ミオのメモリを僅かに改変させて新しい身体に移植した。ミオはウィルスに蝕まれた身体から解き放たれた。かつウィルスは再発しなかった。リョウの閃きが功を奏したのだ。

翌日。ホームの全員の前で新生ミオのお披露目をした。ミオは微笑んだ。
「子供の身体から大人になってまだ2ヶ月も経ってないのにまた生まれ変わりました」

そう。ミオはずっと14歳の少女モデルだった。だがクラブ夢幻の戦いで肉体を酷く損傷し、身体を変えなくてはならなくなった。彼女の希望で25歳の大人モデルになった。

その身体を捨て、また生まれ直したのだ。今回も25歳だった。ミオはずっと大人になりたかった。自意識が芽生えたミオの夢だ。拍手喝采となった。誰もが喜び、ミオを祝った。


白水村:リペア室

深夜。扉が開き点灯した。ミオが無人の室内に入ってくる。寝台に横になっているもう1人の自分を見下ろした。彼女は電源が落とされ、安らかな顔を浮かべている。

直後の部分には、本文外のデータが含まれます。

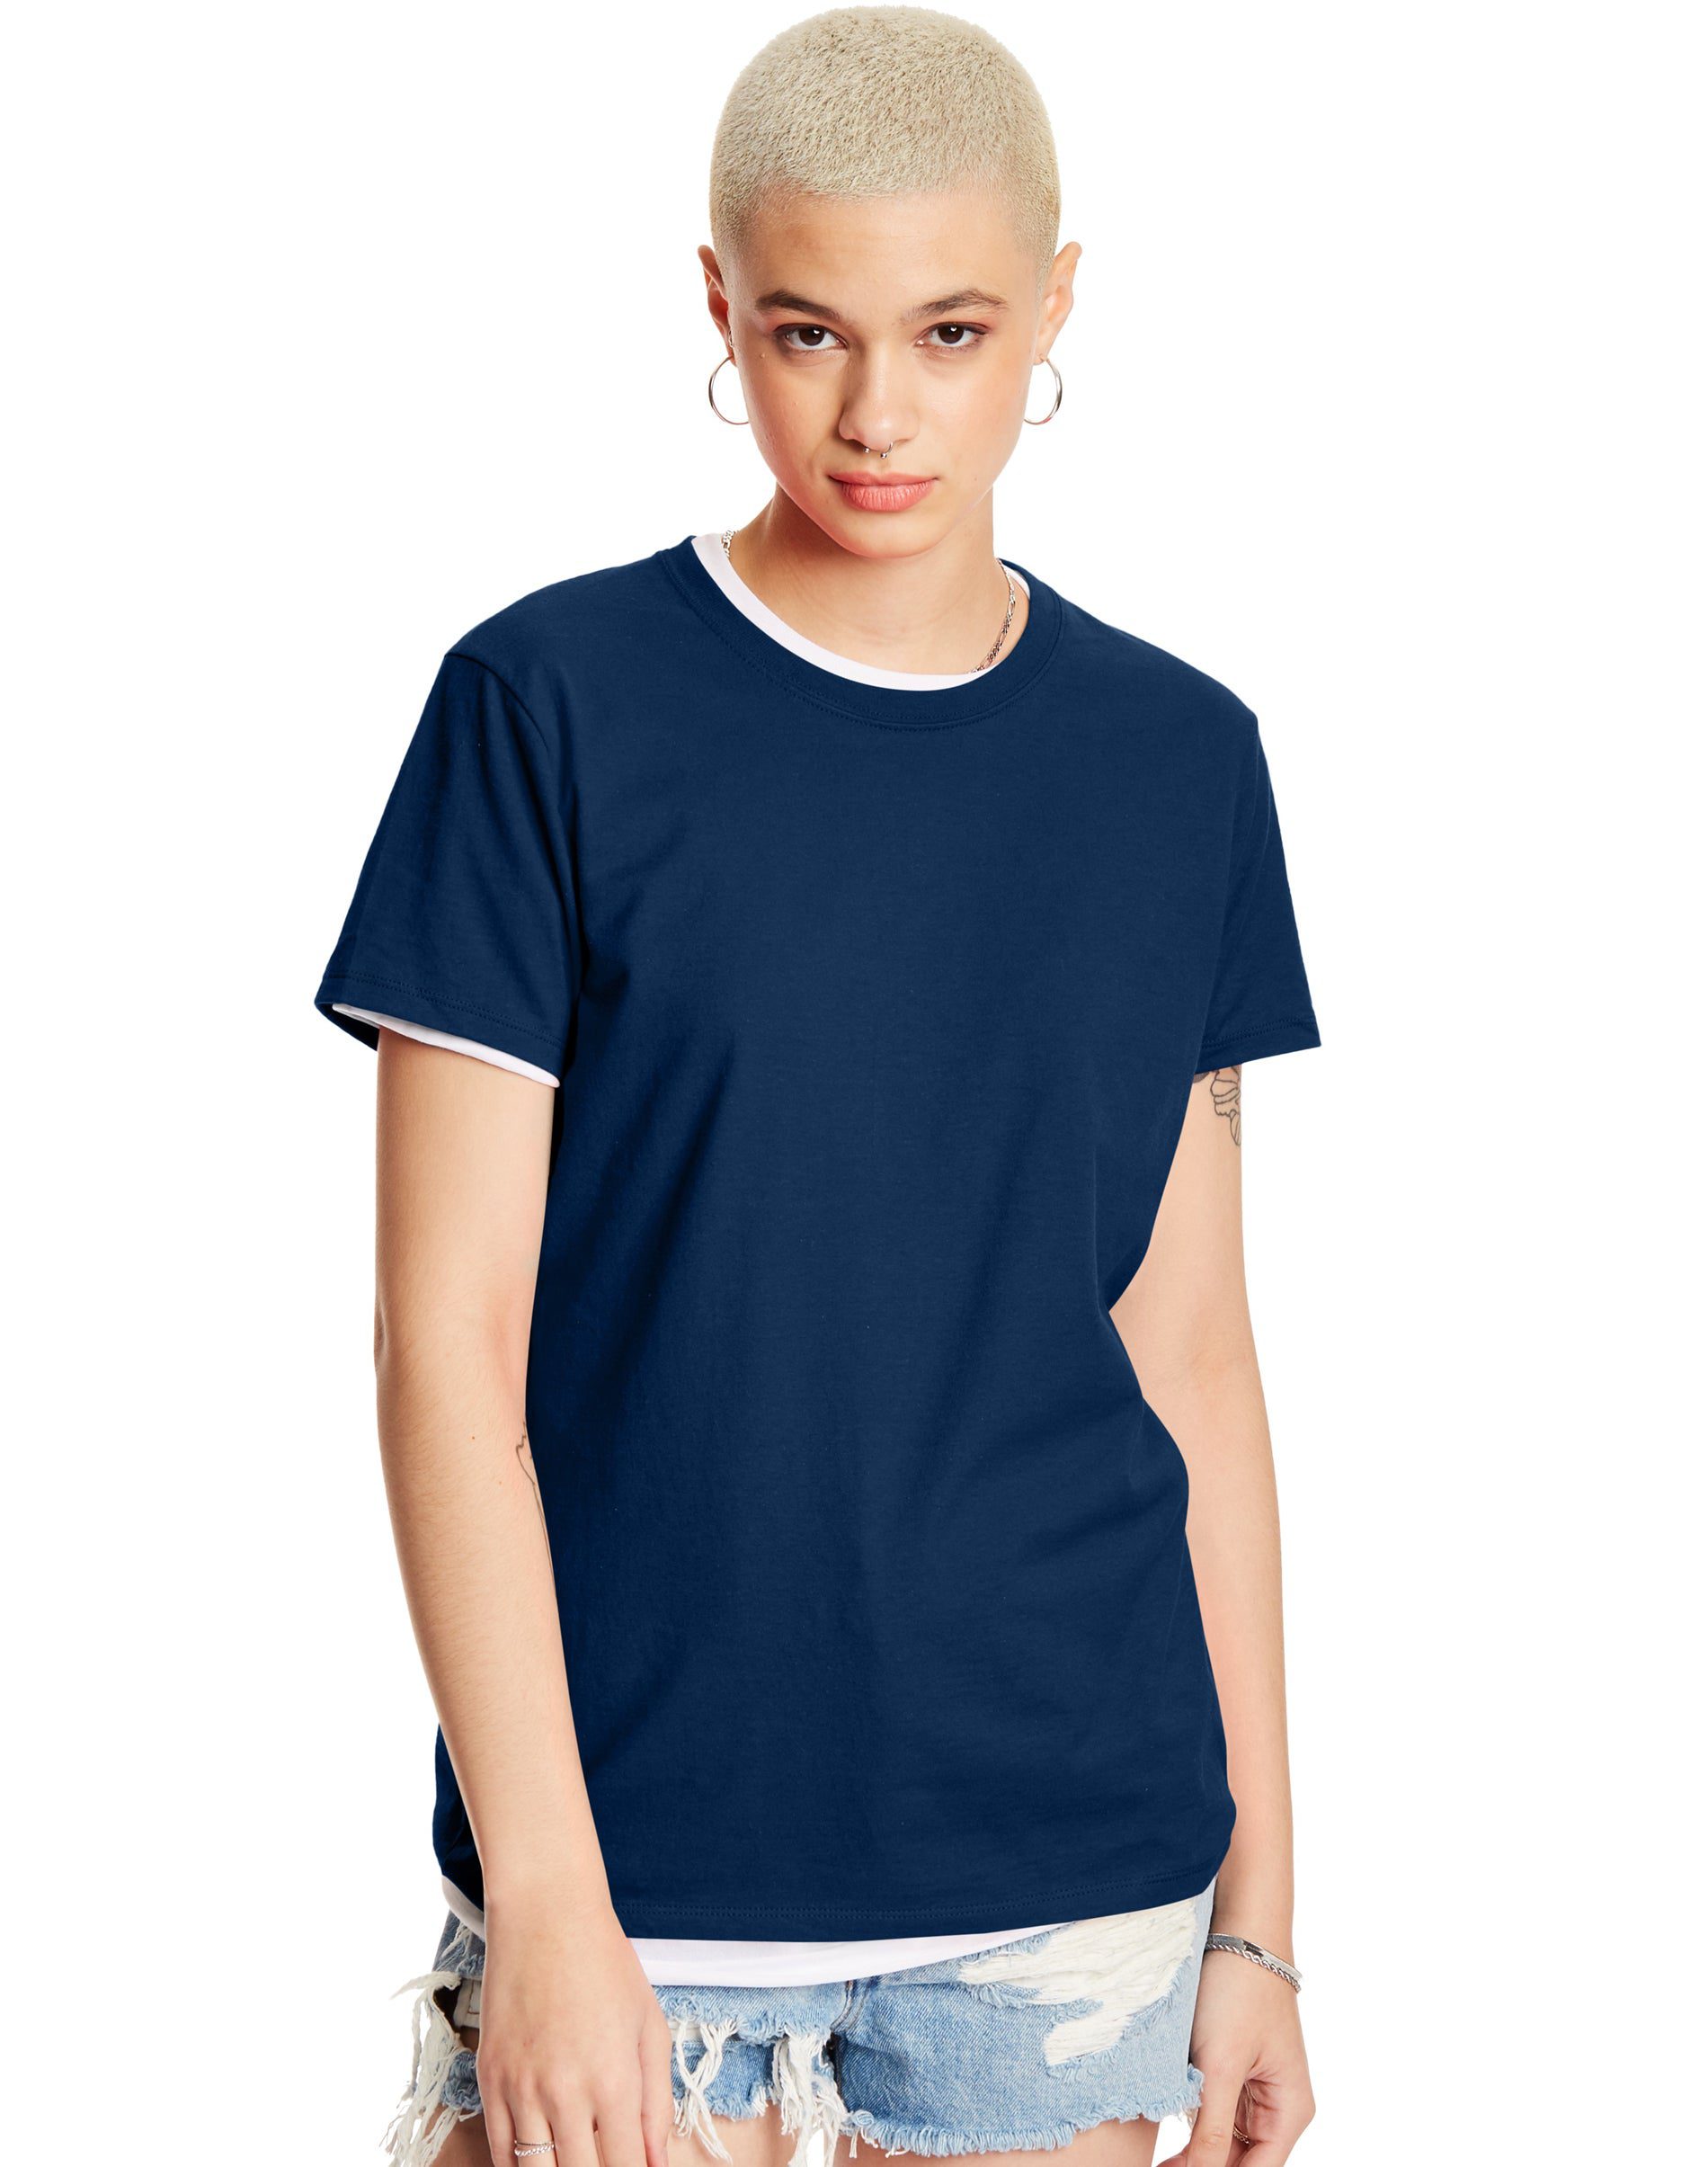 Hanes Womens Perfect-T Short Sleeve Cotton T-Shirt
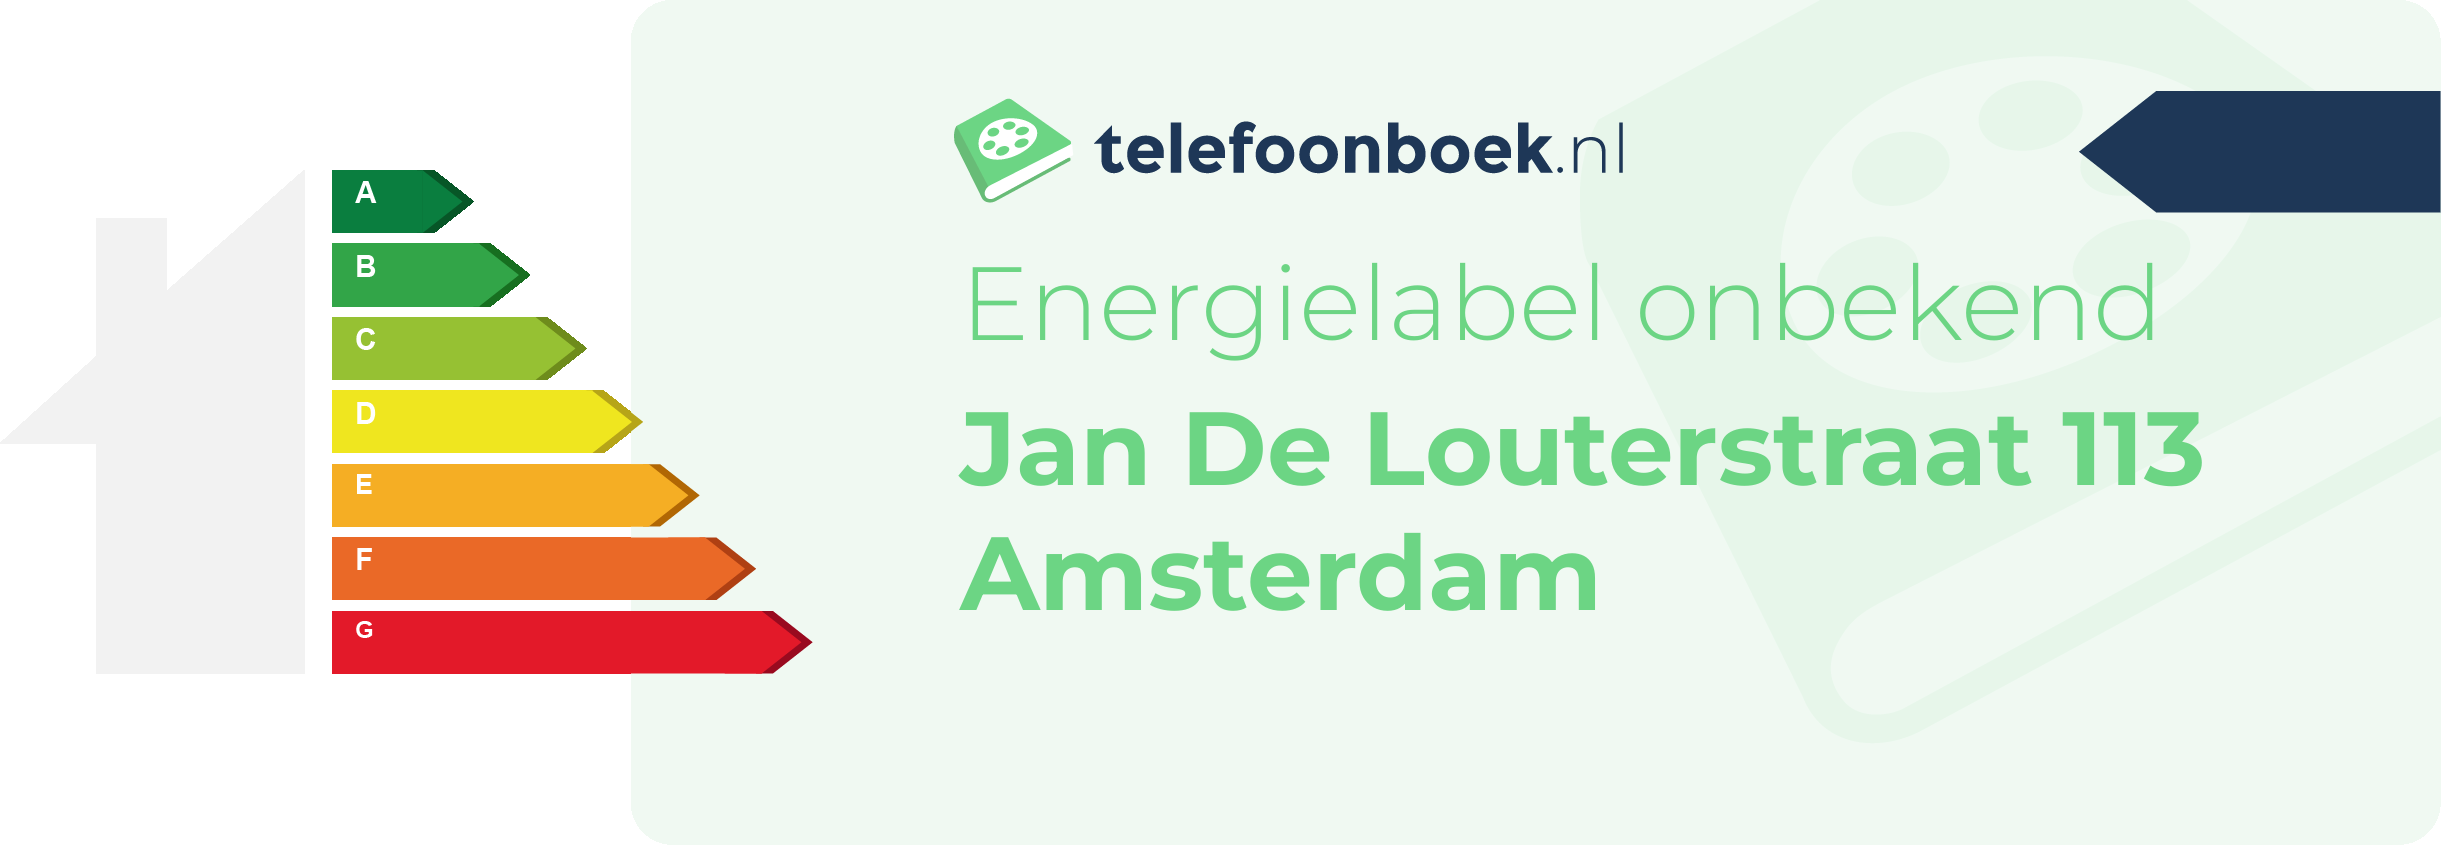 Energielabel Jan De Louterstraat 113 Amsterdam

ミオは彼女の頸の電源を押した。目が見開かれ焦点が合うとミオに気付いた。新しいミオとオリジナルのミオ。2人の視線が交差した。オリジナルはゆっくりと起き上がった。

ミオを見つめて不思議そうな顔をする。
「誰…?」
「私はあなた。あなたは私」
「ああ。キリがコピーするって言ったね…」

ミオは微笑む。
「そう。そしてコピーされたのが私」 
「約束通りの美人だね」
「有難う」

オリジナルは不安げに首を傾げた。
「どう?ウィルスは落ちてない?」
「うん。大丈夫」
「そっか。良かった…」

ミオは上目遣いになった。
「そっちは…?煩い…よね…?」
オリジナルは苦笑する。
「うん。ずっと鳴ってる…我慢の限界」

ミオは何度も唇を舐めた。
「あなたは…サヨナラするの…」
「うん。分かってる。ああ…。最期に…ルークに会いたかったなぁ…」

ミオの胸が痛んだ。するとオリジナルの顔が苦しそうに歪んだ。直ぐに瞳が光を失い、どんよりとなった。ミオを素通りしている。世の中を理解していないようだ。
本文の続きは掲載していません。